Comment # 2
on bug 1036
from Frank Ch. Eigler
(In reply to comment #1)
> So, my 2c - as discussed on IRC, I don't really think of this as improving
> the situation. PMDA tardiness is a domain-specific problem, and to my mind
> tackling it [there is better...]
Not necessarily. As we discussed, momentary system overload (whether
deliberately induced by an attacker, or accidental) can affect all PMDAs.
So can a VM or power suspend/resume. So can systemwide clock jumps. So
can some administrator's misguided debugging activity.
> Finally, it feels like we'd be taking a stance of being more accepting of
> mediocrity
I suspect a lot of your concerns come from here, but IMHO it is a separate
subject. The issue is not whether to whether to shorten or lengthen
timeouts to a PMAPI client; the current default five seconds seems too
long for that, if anything. The issue is how to handle the occasional
excursion beyond the timeout: how to optimally *recover*.
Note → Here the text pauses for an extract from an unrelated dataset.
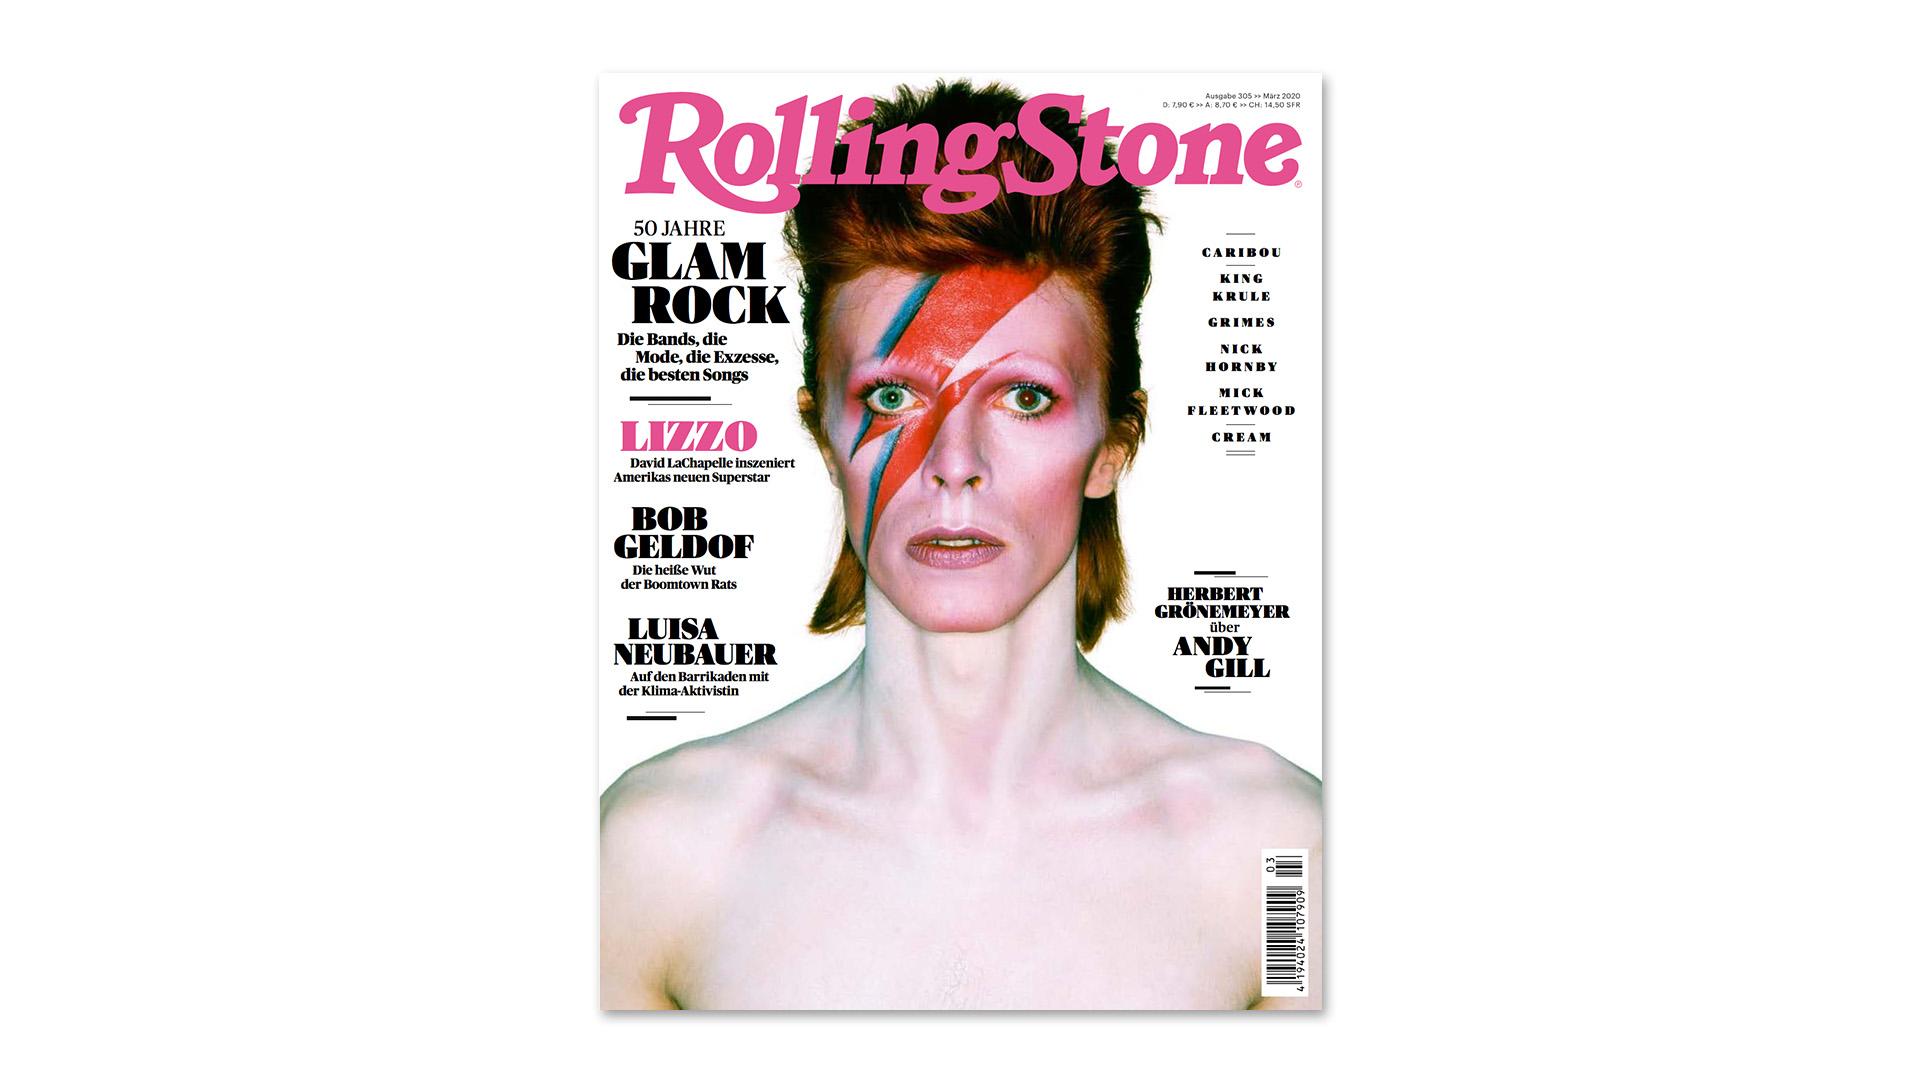 ROLLING STONE im März 2020 – Titelthema: Glamrock

> Perhaps timing mechanisms and
> new pmcd metrics to help identify those PMDAs which are suffering latency
> spikes. Even if timeouts are not reached, where pmcd is seen to
> "overreact", those PMDAs are still contributing to overall reduction of
> quality in terms of value/timestamp accuracy.
Sure, such introspection metrics would be nice to have.
> Also as discussed on IRC, we could implement a scheme where pmie is used to
> trigger restarts [...] by a trivial root cronjob and restarted thusly.
These cannot do the job well. Between the time that a PMDA exceeds
the timeout the first time, and the time that this cron job would
eventually run, the PMDA has been DoS'd. Restarting the entire PMCD
and its fleet of PMDAs means an even larger temporary DoS and impact
on unrelated PMDAs.